### SUPPLIED INFORMATION
◇ ◇ ◇ ◇

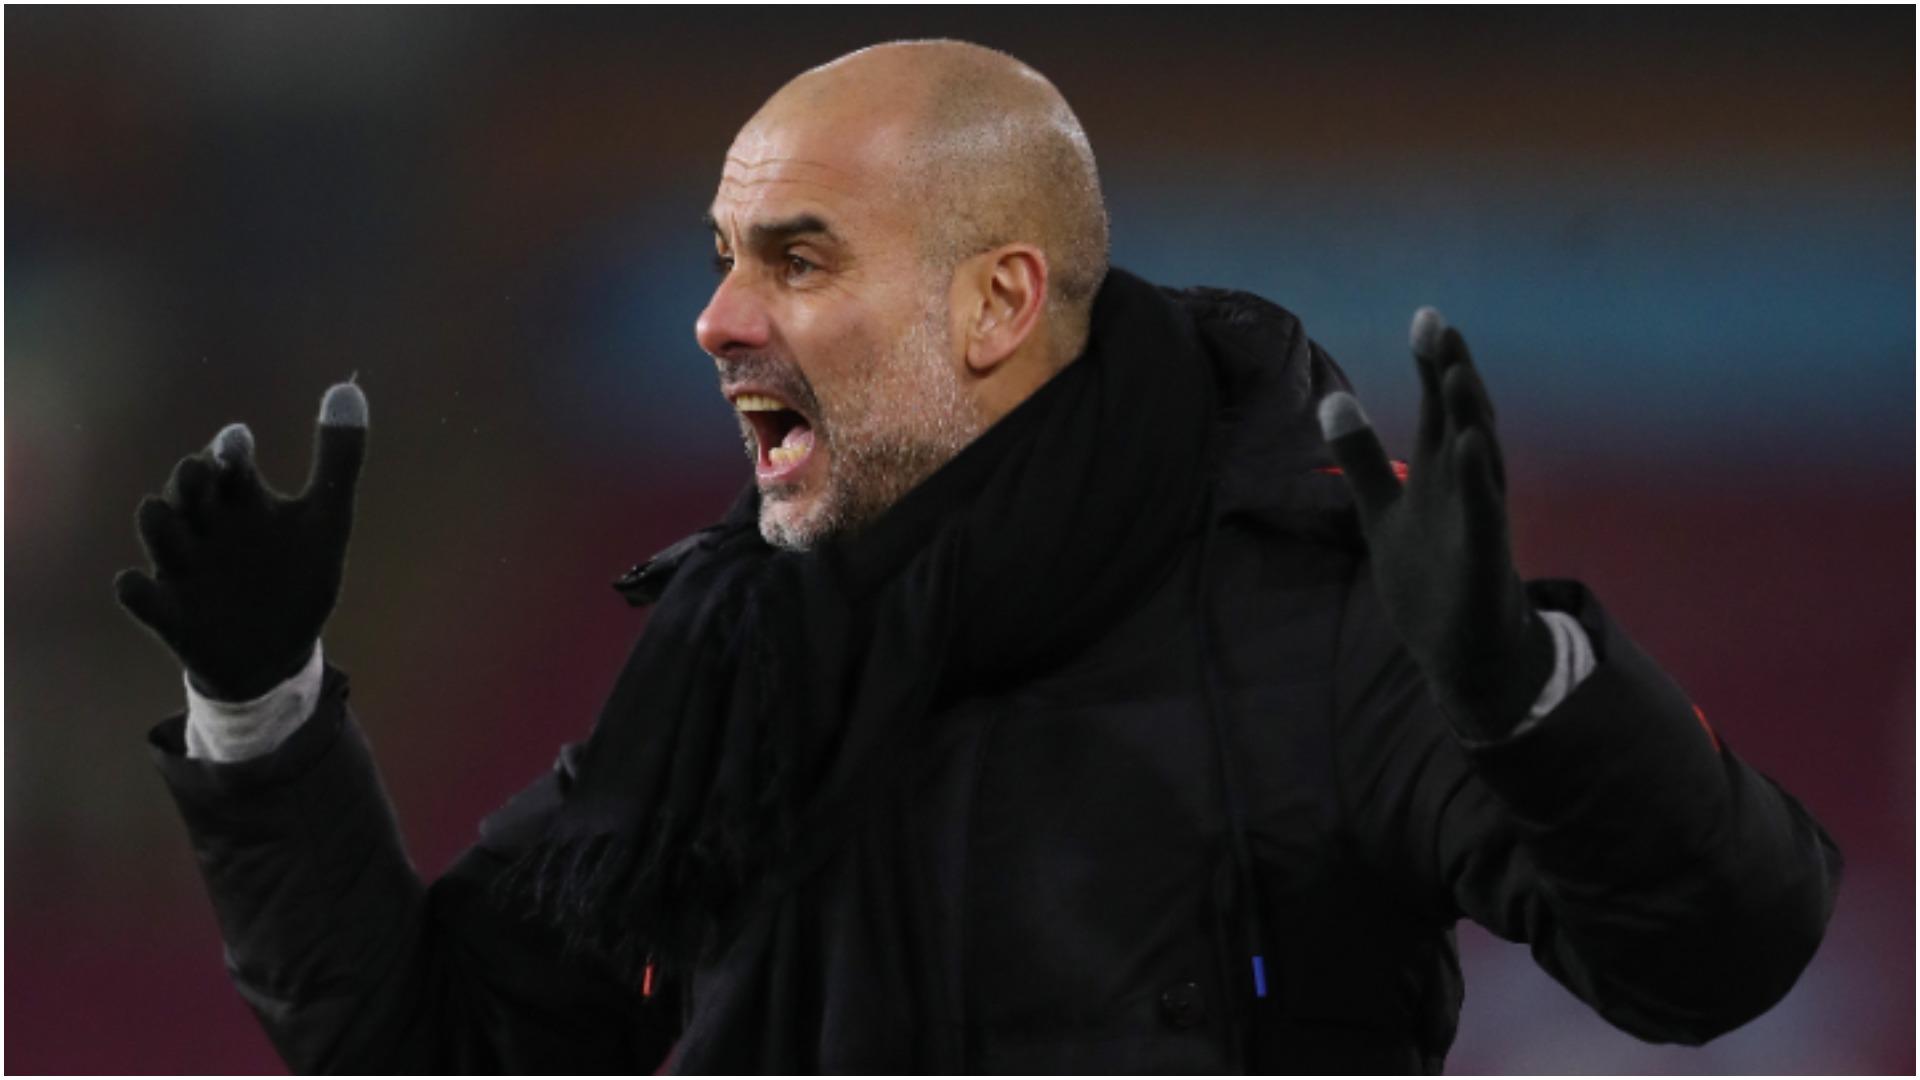 Guardiola stays focused as in-form Man City extend winning streak
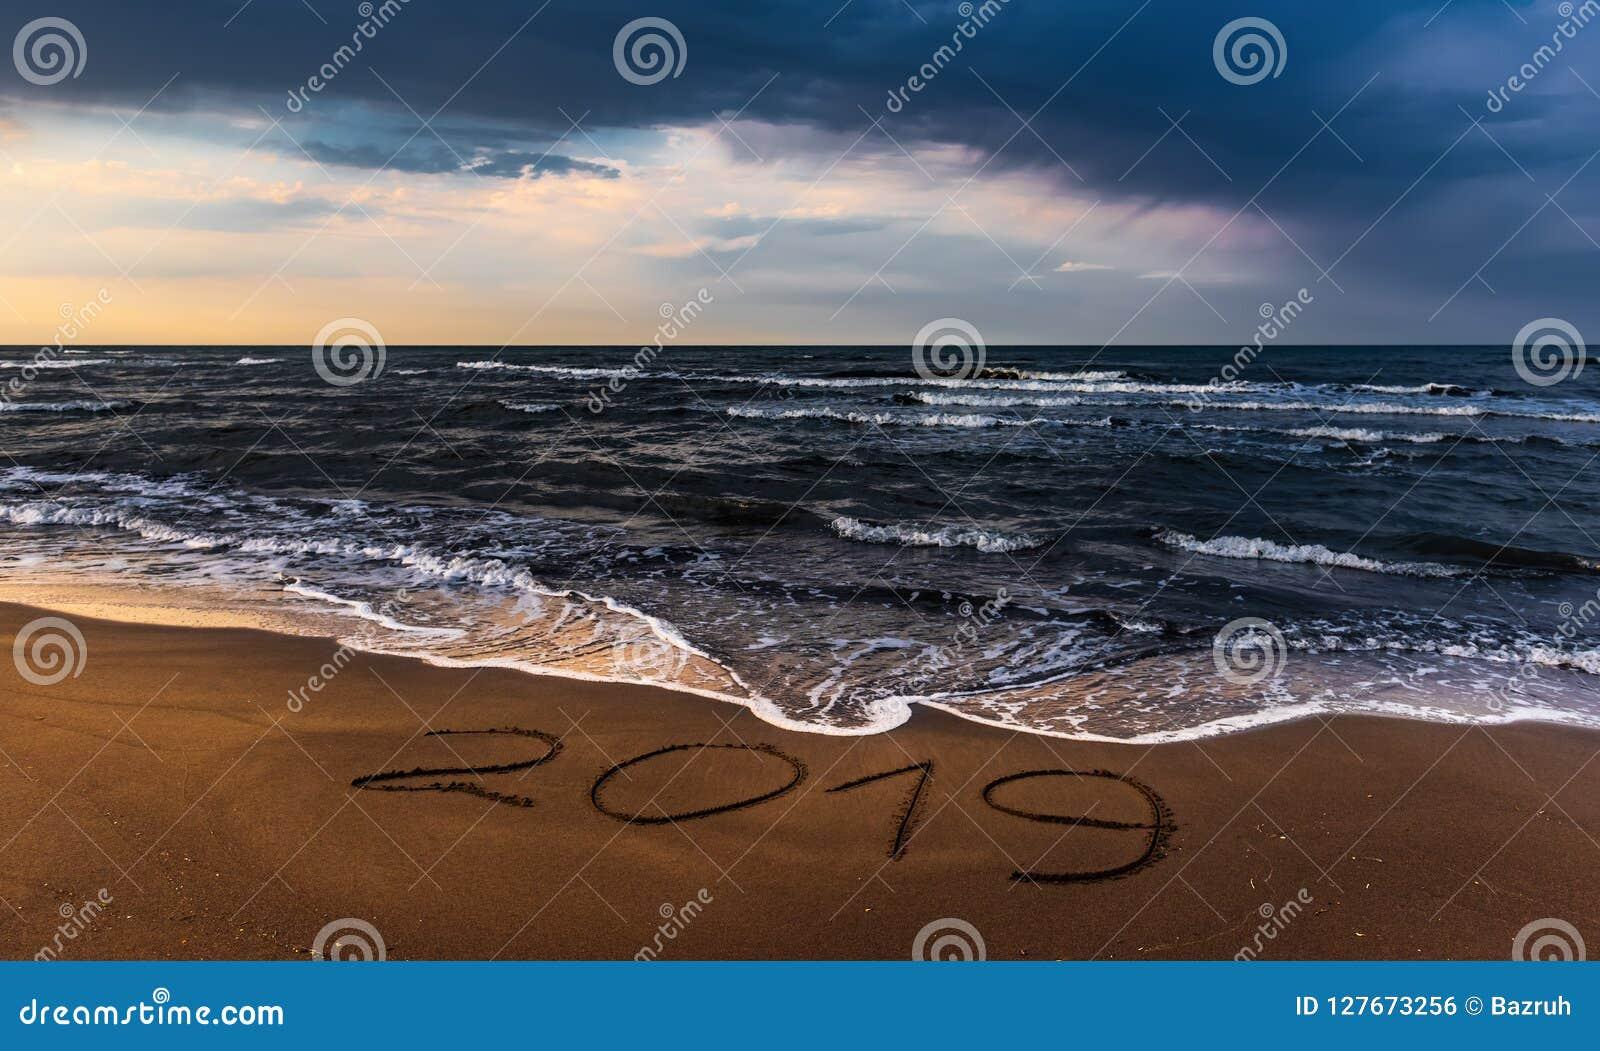 Amazing colorful sky over sea, empty beach
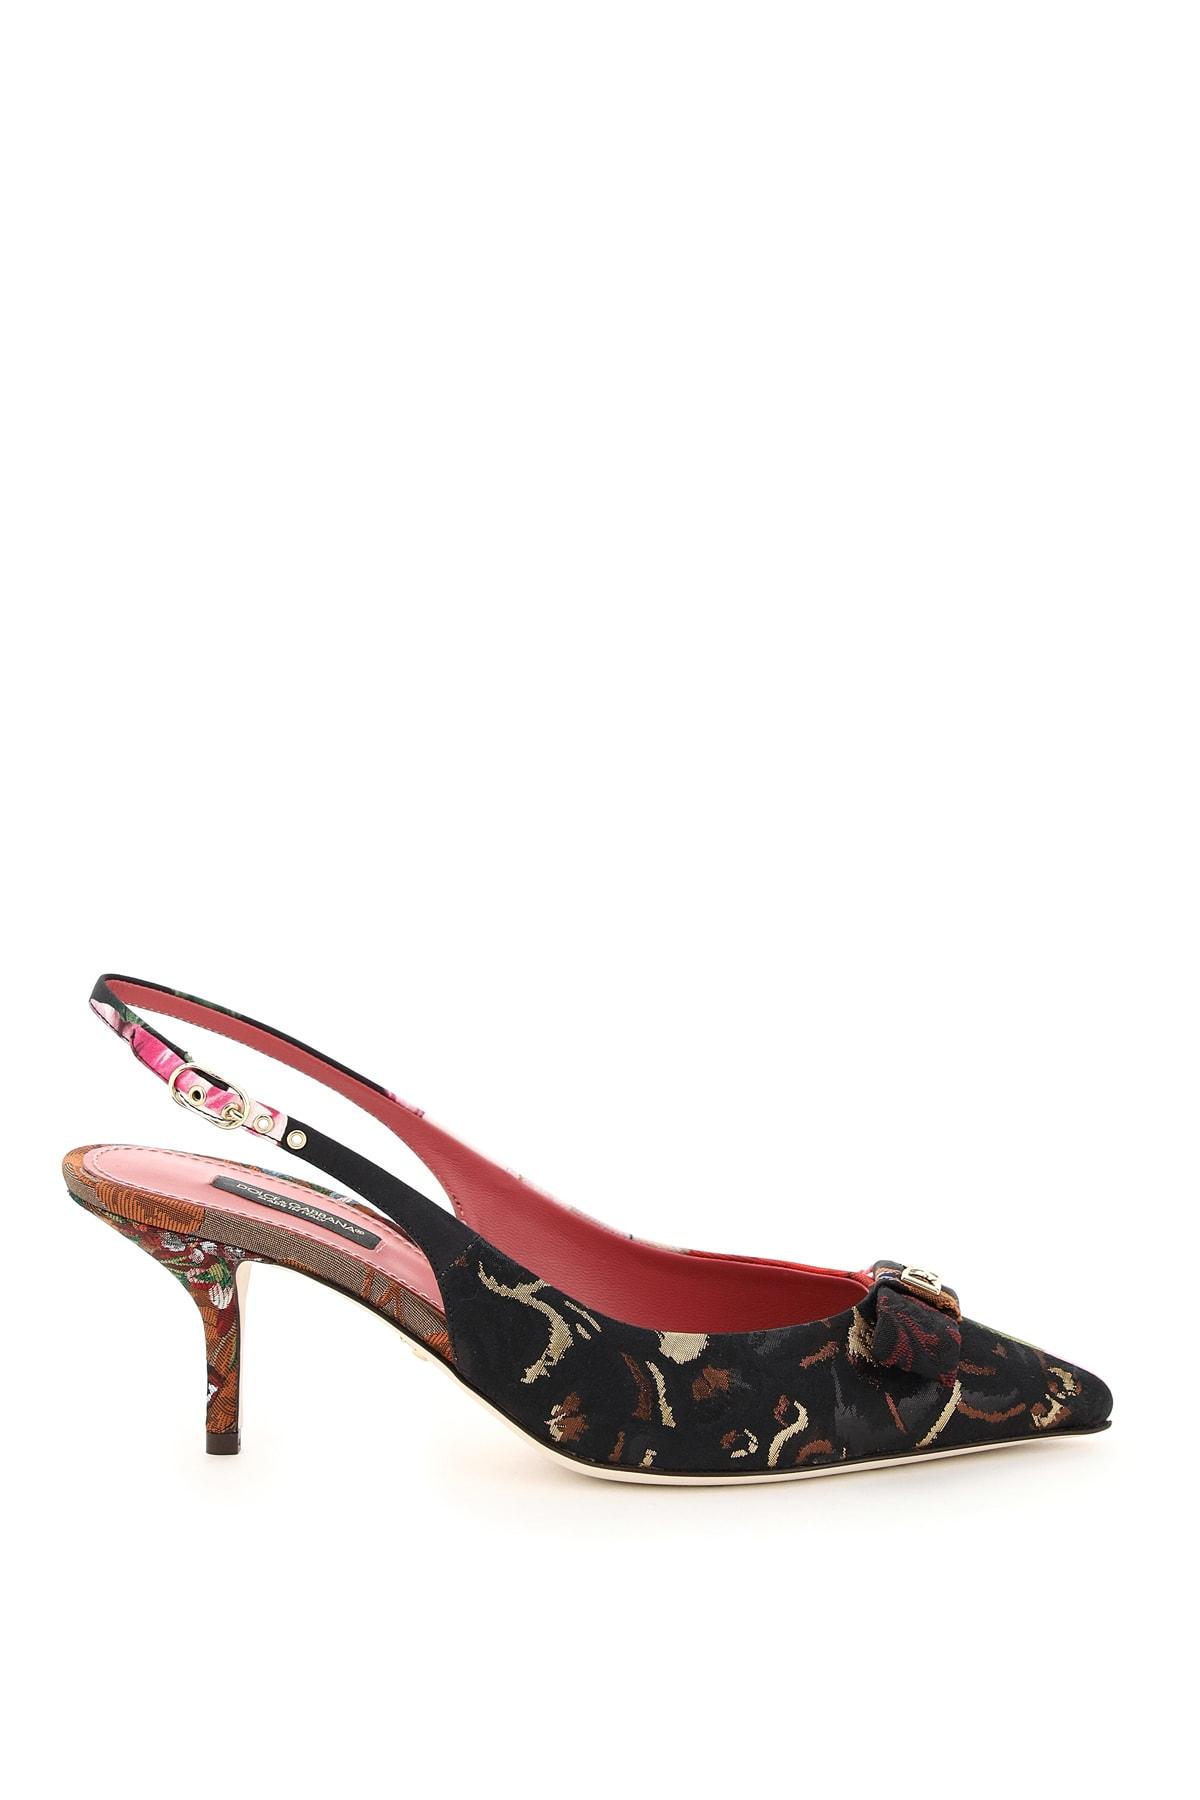 Dolce & Gabbana Leathers CARDINALE SLINGBACK PUMPS 16 PATCH
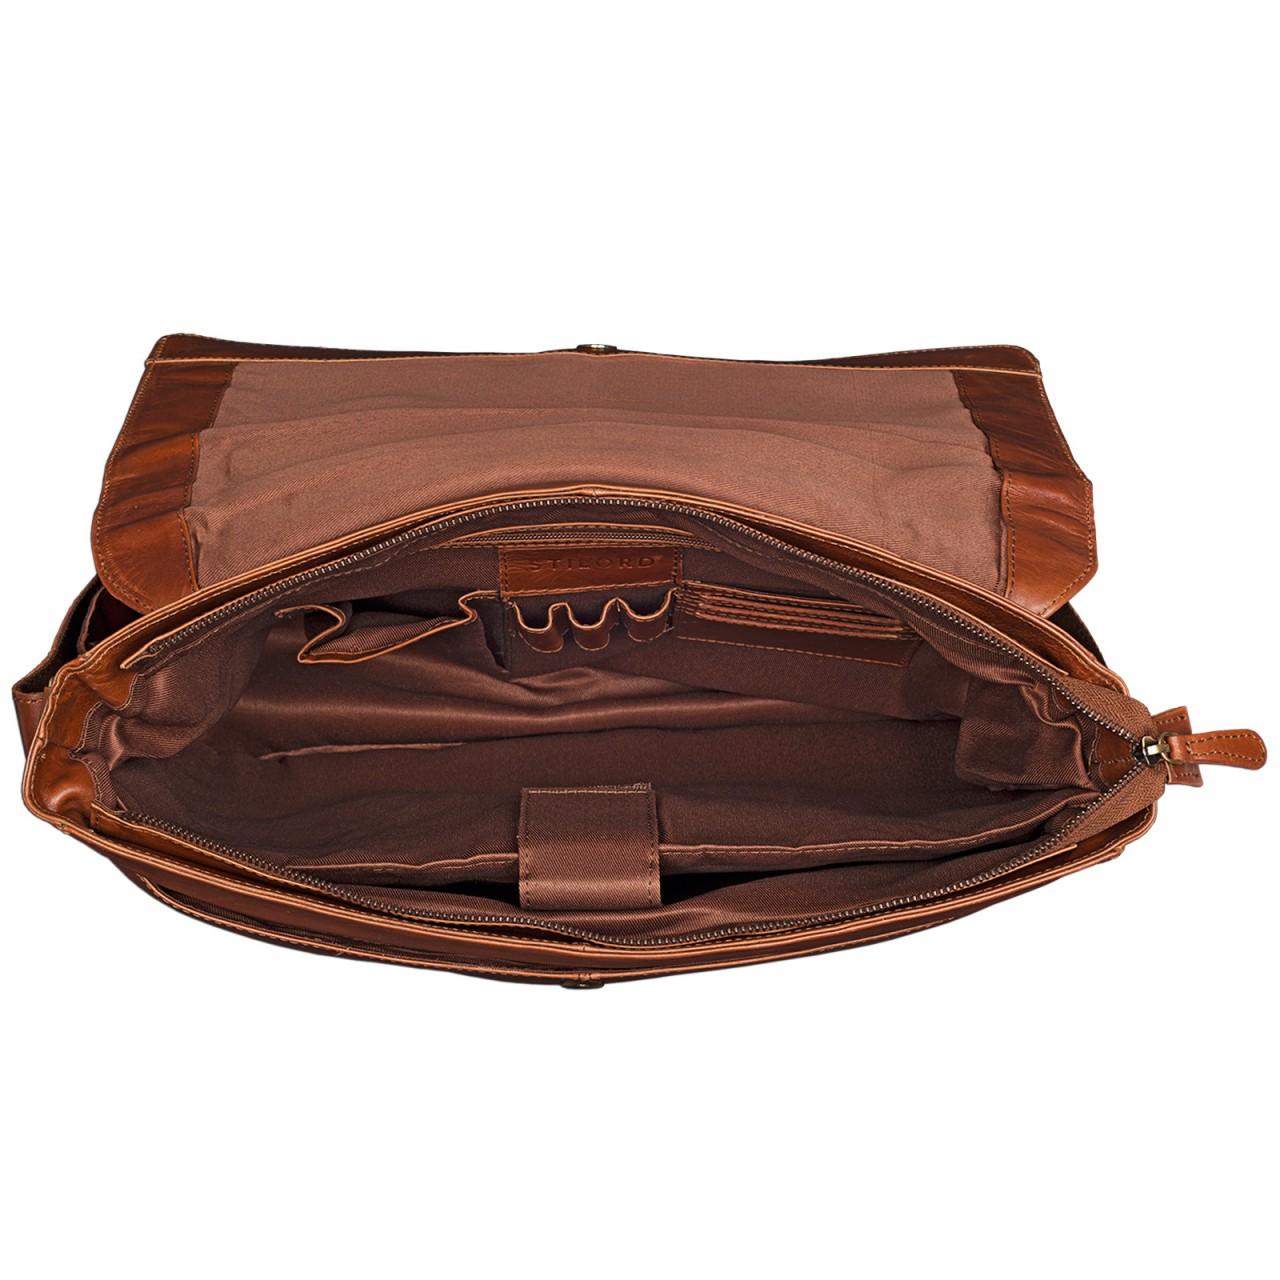 STILORD Leder Bürotasche mit 15,6 Zoll Laptopfach Dokumententasche Vintage Umhängetasche DIN A4 Akten Business Cognac Braun Glänzend - Bild 6

◇ ◇ ◇ ◇

### YOUR TASK
Set down the material above word for word and skip its pictures.

### REPLY
 Guardiola stays focused as in-form Man City extend winning streak
 Amazing colorful sky over sea, empty beach
 Dolce & Gabbana Leathers CARDINALE SLINGBACK PUMPS 16 PATCH
 STILORD Leder Bürotasche mit 15,6 Zoll Laptopfach Dokumententasche Vintage Umhängetasche DIN A4 Akten Business Cognac Braun Glänzend - Bild 6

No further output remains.